At a time when the curriculum is subject to constant change and accountability Martin Robinson characterizes the system as being a slave to the Machine: a data-obsessed, narrow-minded version of education, where statistics are valued far more than wisdom.
“The ‘great narrative’ of too many of our schools is mundane, with the merely measurable as the pinnacle of meaning. Counting them in, counting them out; these schools employ mechanical metaphors. Each child is set on a ‘flight path’, and data and targets are worshipped rather than the symbolic, spiritual power of a god. Perhaps this is inevitable in a secular world, but is it wise?
“These schools bypass the quality of knowing something and replace it with destination data – knowledge is a means to an end rather than an end in itself. The focus is on the grade and not on the knowing.
“Knowing is essential, it is the stuff of education, but what to know, why to know it and how to know it are not only essential questions, they are also impossible to answer fully with any degree of certainty. Yet there are those who search for objective answers to these questions by allying education to the instrumentalism that is extant in large numbers of schools.
“In many schools, pupils have gone from being potential citizens to being consumers of an educational product, and now find themselves reduced to data points with a need to perform beyond expectations for their ‘type’. Is this a meaningful pursuit? Whichever method is used to justify the content of a curriculum, can utilitarian/utopian aims (or their proxies) justify 13 years or so of full-time education?”

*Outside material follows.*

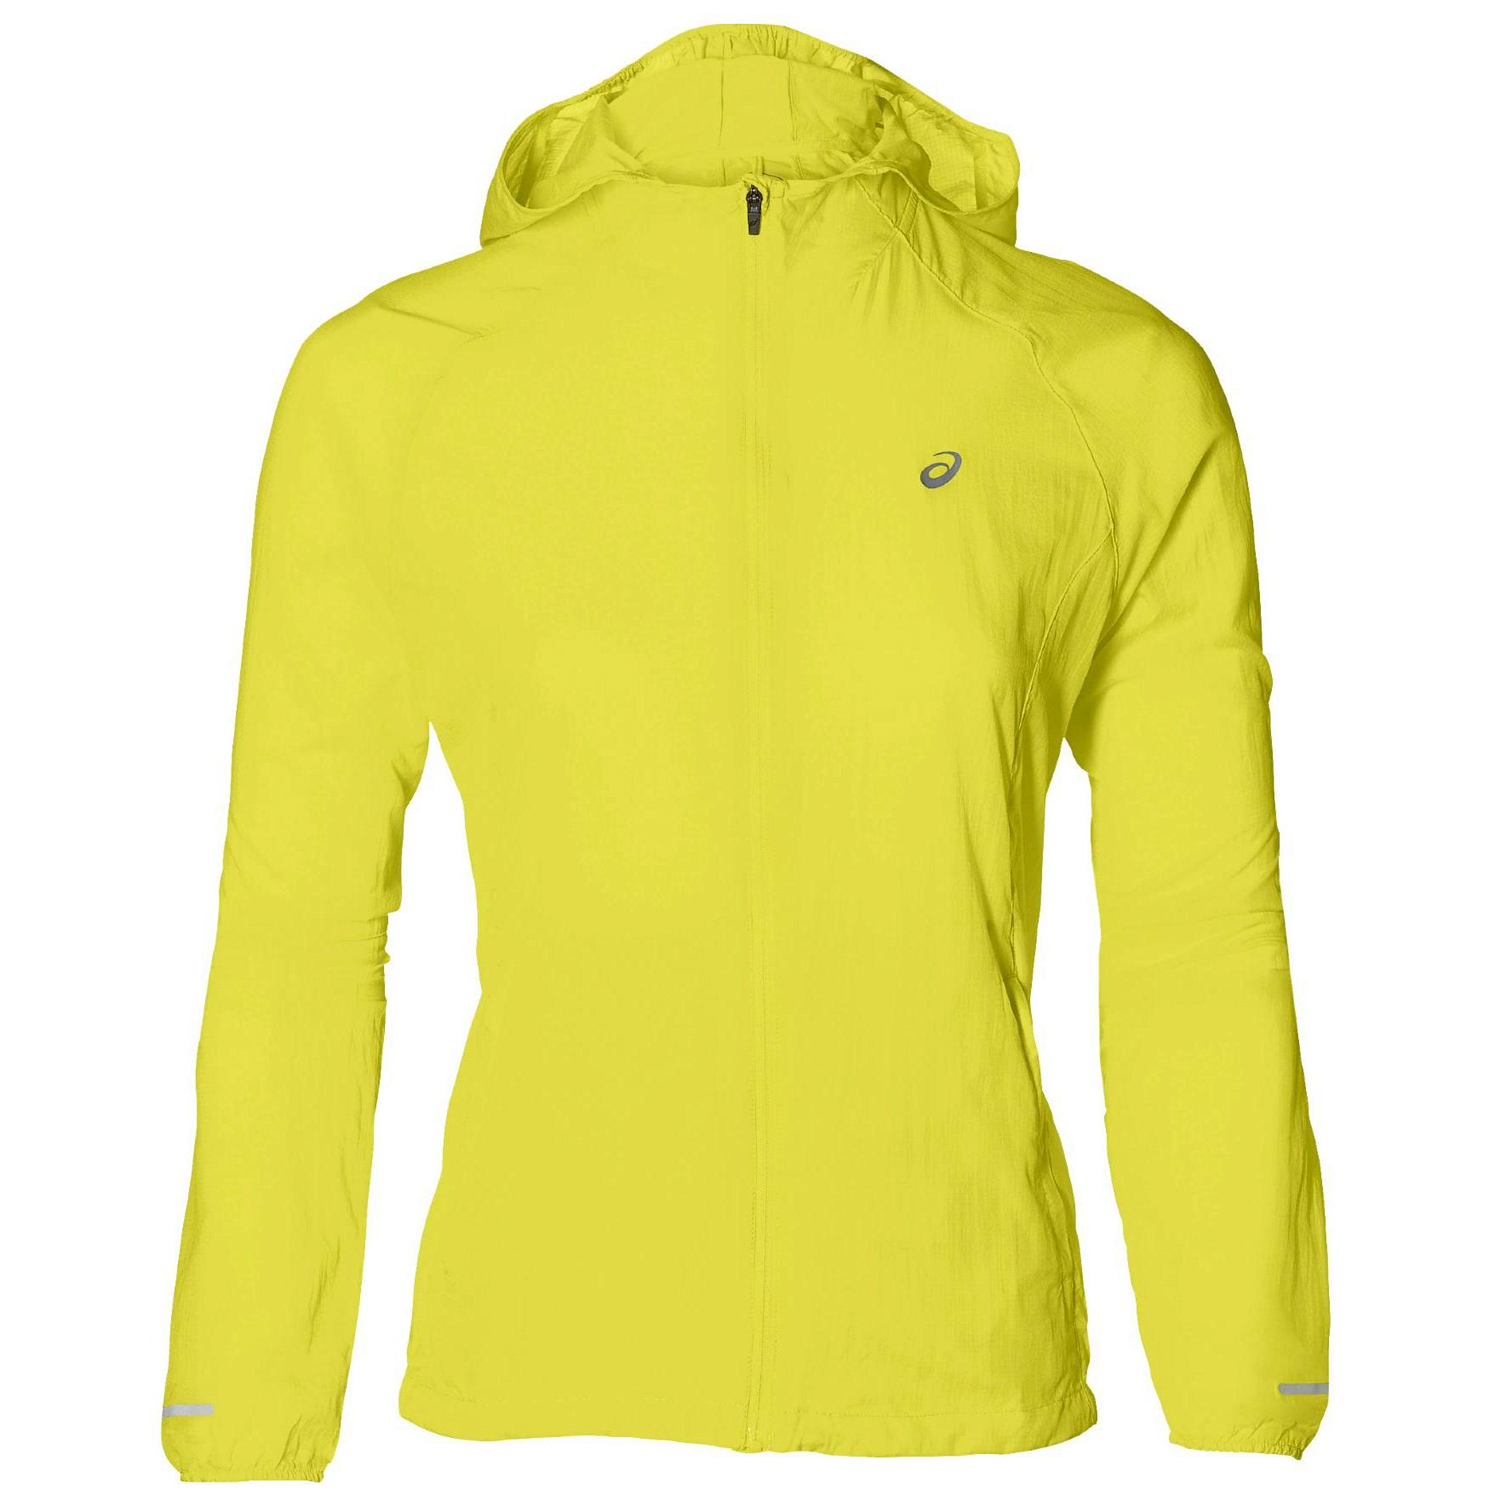 Куртка беговая Asics 2019 Packable Jacket Lemon spark

In his new book, Curriculum, Martin argues for the study of knowledge for its own sake whilst accepting that knowledge, alone, is not enough. Schools need to be set up for the individual and communal pursuit of wisdom. He characterizes this pursuit as a god, Athena, whilst the overly mechanistic approach is represented by the Machine.
“While it is essential to provide a knowledge-rich curriculum, it is the quality of the knowledge that matters, and therefore it is within this subjective realm – where individual taste and thought is understood and nurtured, and the way we make meaning in the world matters – that the arguments in my book are made.”
Martin Robinson worked for 20 years in state schools in London as a teacher, a leader and an advanced skills teacher. Now an education consultant, he works with schools and other institutions on curriculum development and a wide range of other issues. He is a regular on the conference circuit both in the UK and internationally.